→ **Work to complete**
Nothing is needed except the lines below that run from the one with "Shane Breen wins" through the one with "Bobcat Buddies Application", repeated exactly.

→ **Information supplied**
..............................
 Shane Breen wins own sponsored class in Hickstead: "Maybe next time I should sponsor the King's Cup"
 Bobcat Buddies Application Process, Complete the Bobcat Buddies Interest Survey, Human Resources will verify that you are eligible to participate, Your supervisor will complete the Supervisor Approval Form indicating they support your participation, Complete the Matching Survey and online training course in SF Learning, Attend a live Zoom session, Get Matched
..............................
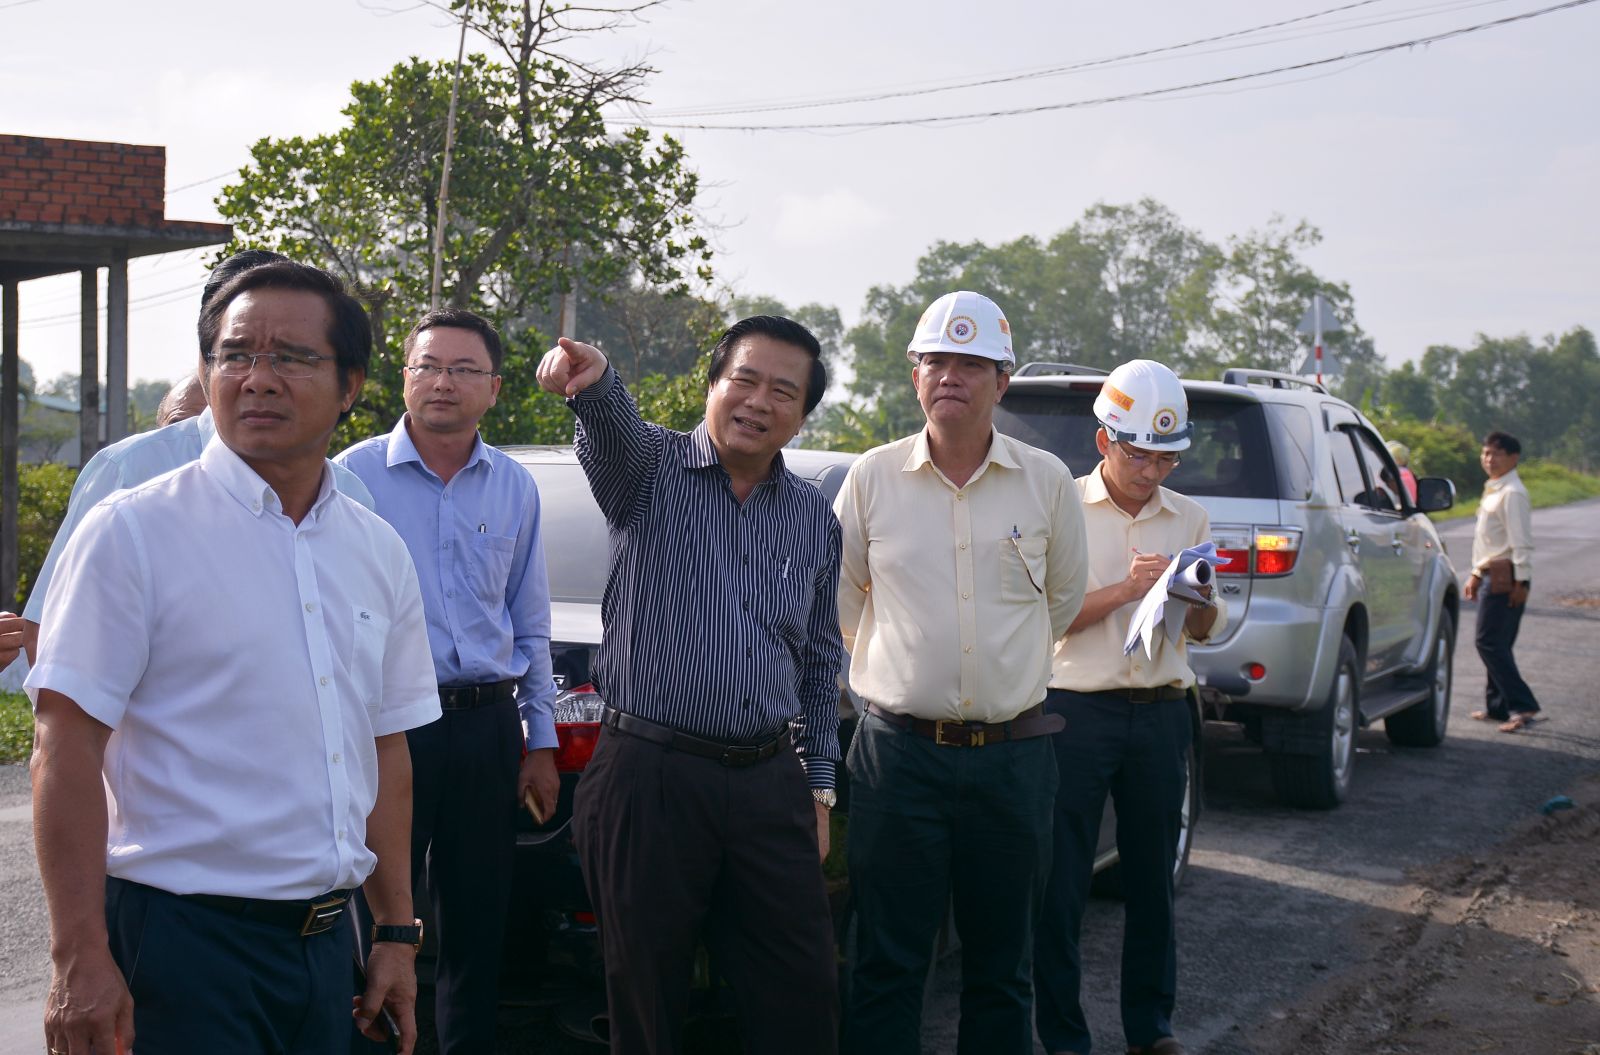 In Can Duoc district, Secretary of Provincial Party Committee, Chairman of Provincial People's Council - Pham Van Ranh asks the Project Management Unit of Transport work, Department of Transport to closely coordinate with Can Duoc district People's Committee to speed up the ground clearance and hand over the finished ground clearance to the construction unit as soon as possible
..............................
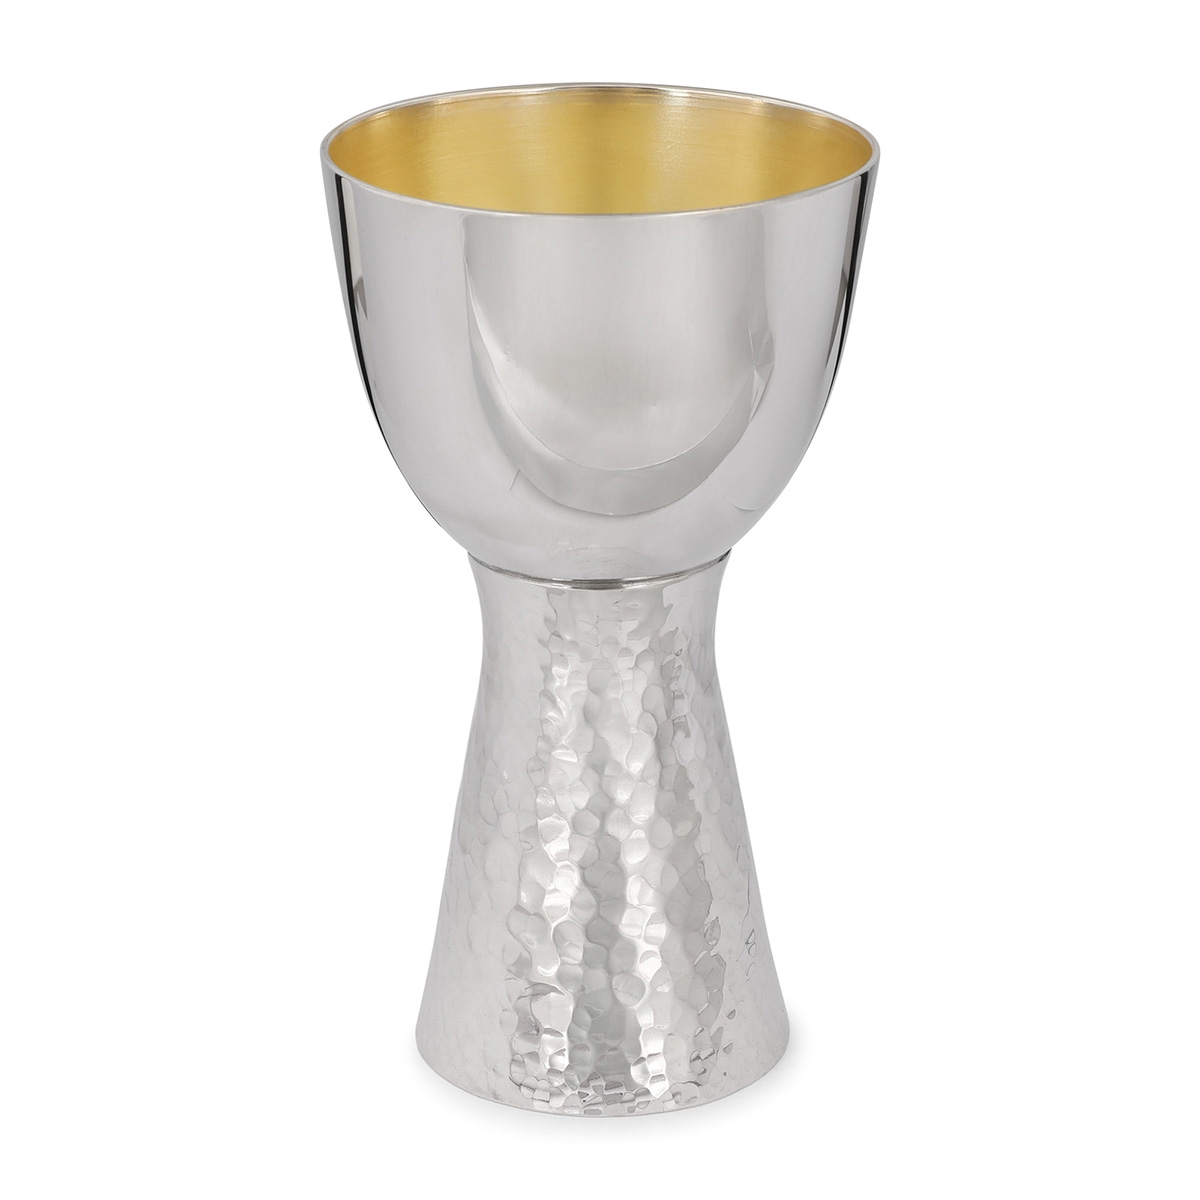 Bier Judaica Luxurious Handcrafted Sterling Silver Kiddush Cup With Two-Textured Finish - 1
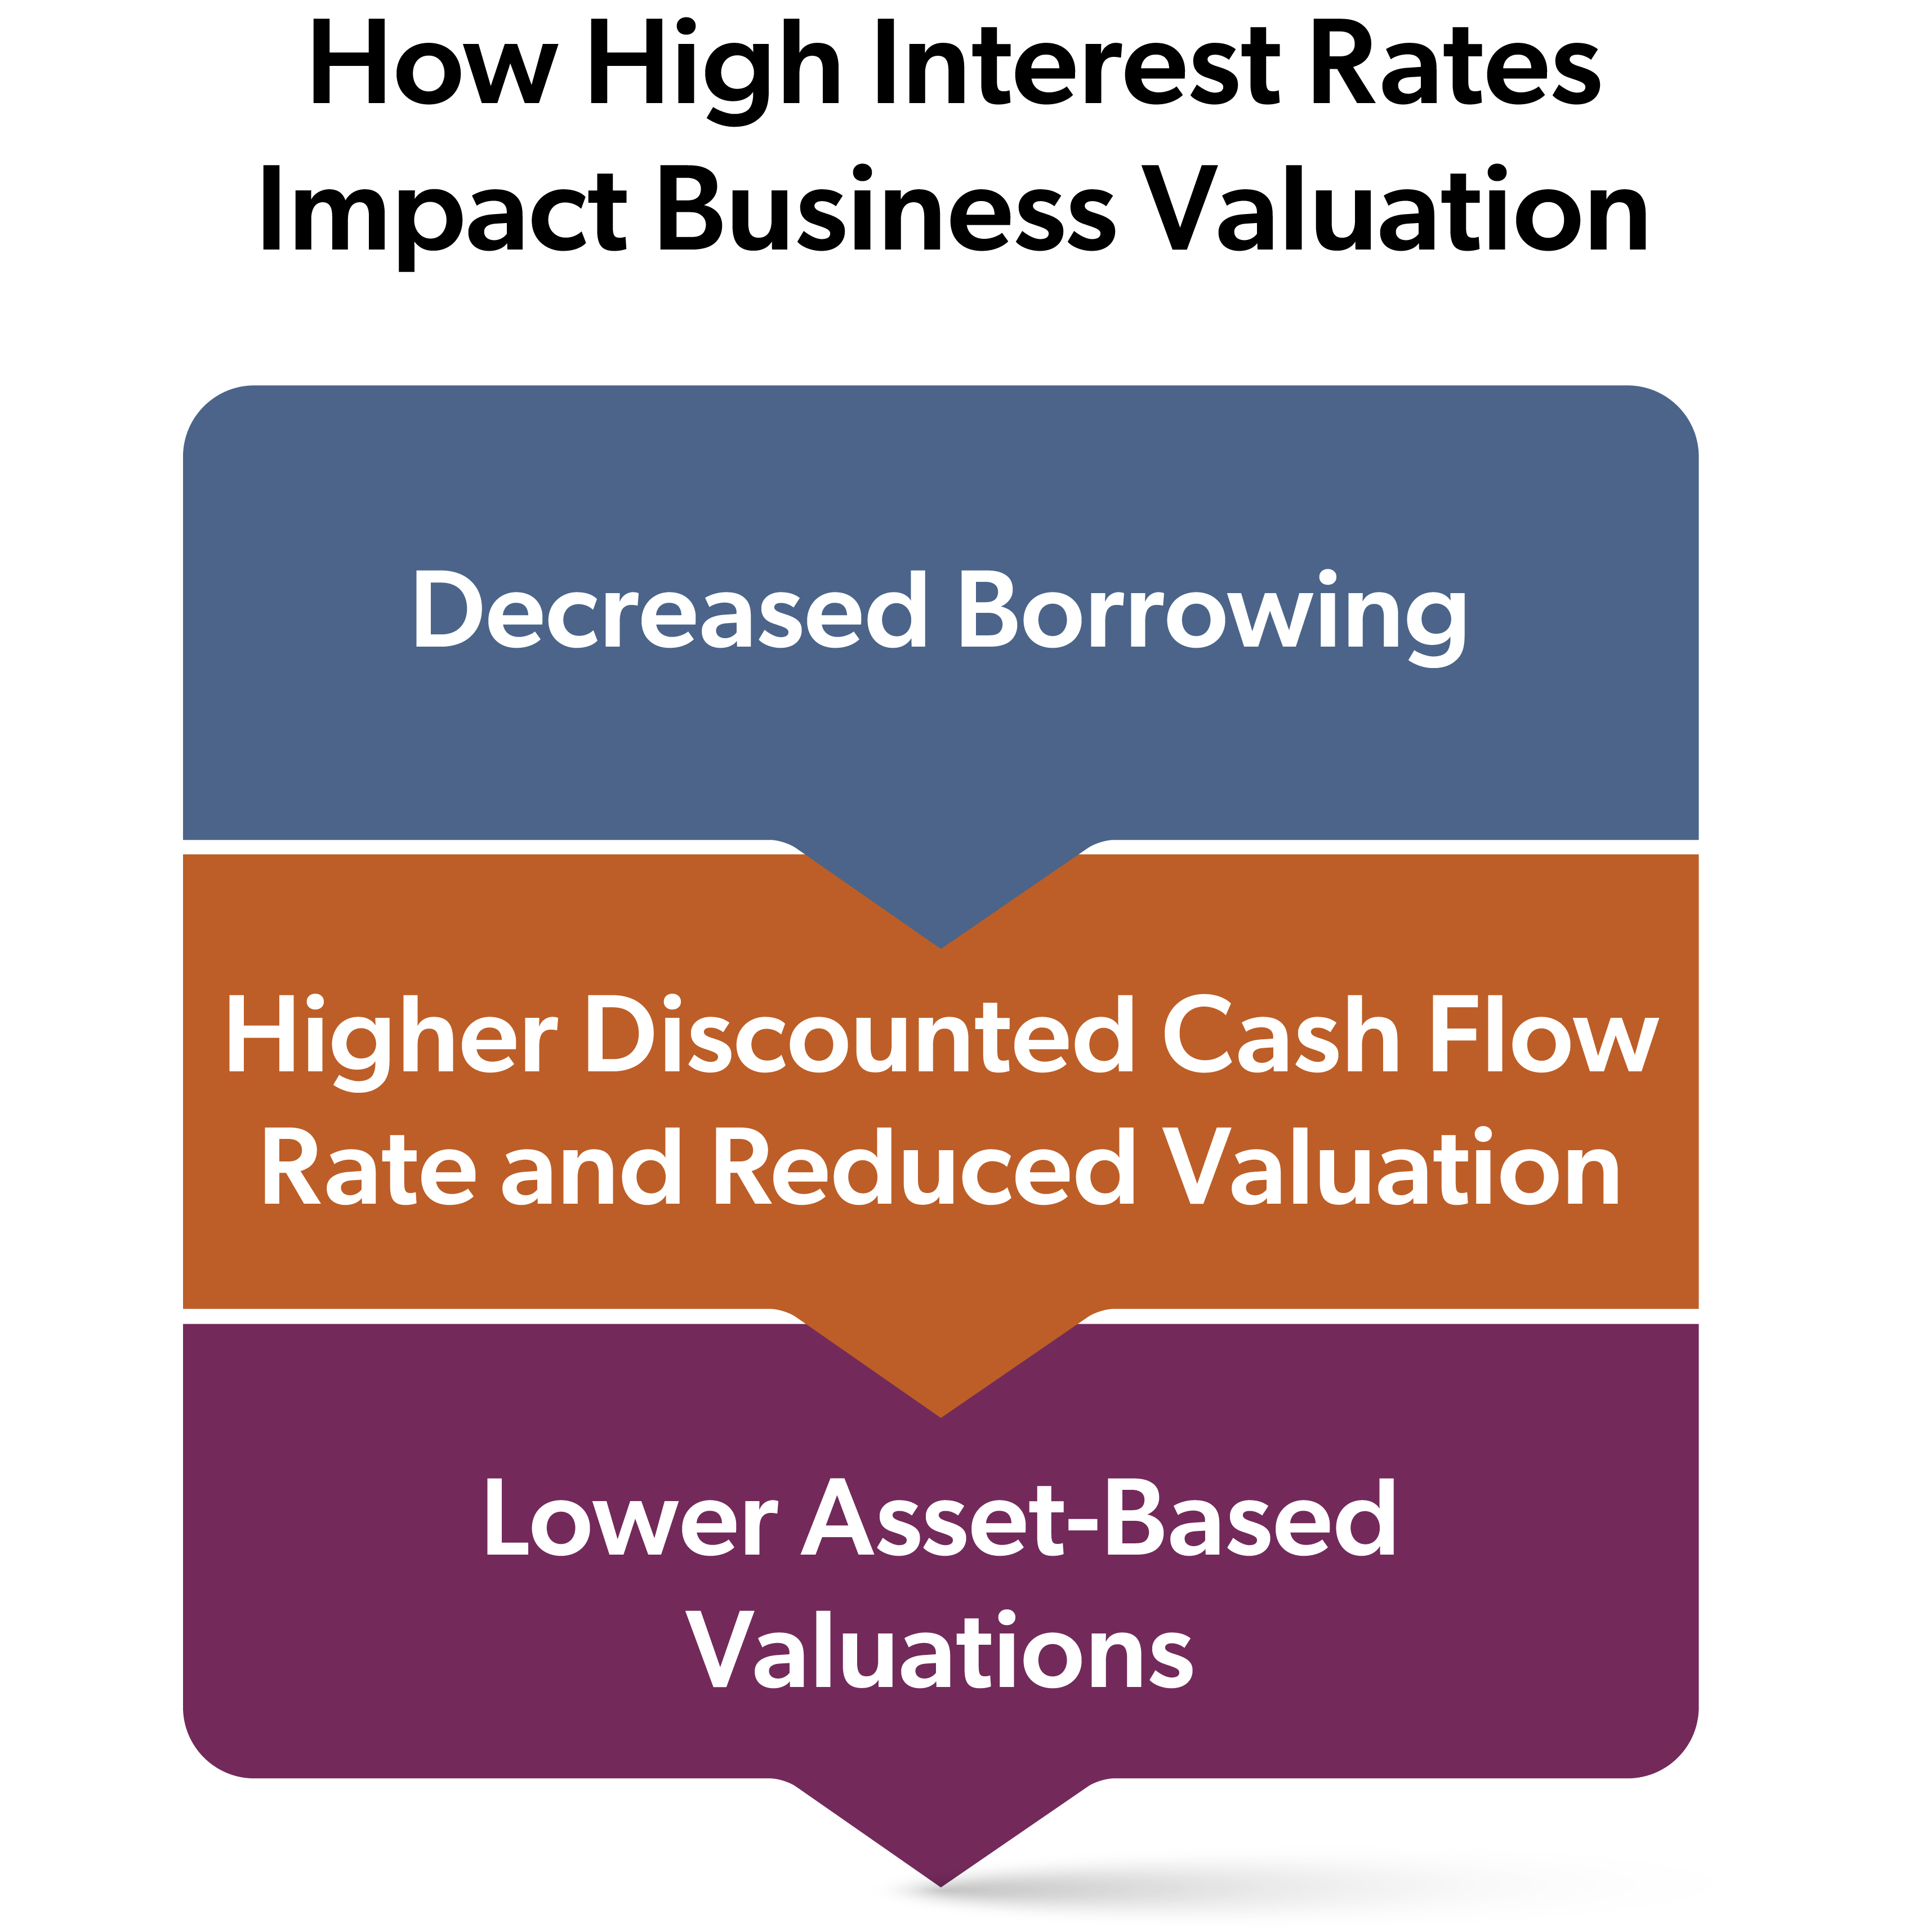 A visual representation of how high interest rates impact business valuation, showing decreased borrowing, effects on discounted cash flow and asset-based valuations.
..............................
→ **Problem solution**
 Shane Breen wins own sponsored class in Hickstead: "Maybe next time I should sponsor the King's Cup"
 Bobcat Buddies Application Process, Complete the Bobcat Buddies Interest Survey, Human Resources will verify that you are eligible to participate, Your supervisor will complete the Supervisor Approval Form indicating they support your participation, Complete the Matching Survey and online training course in SF Learning, Attend a live Zoom session, Get Matched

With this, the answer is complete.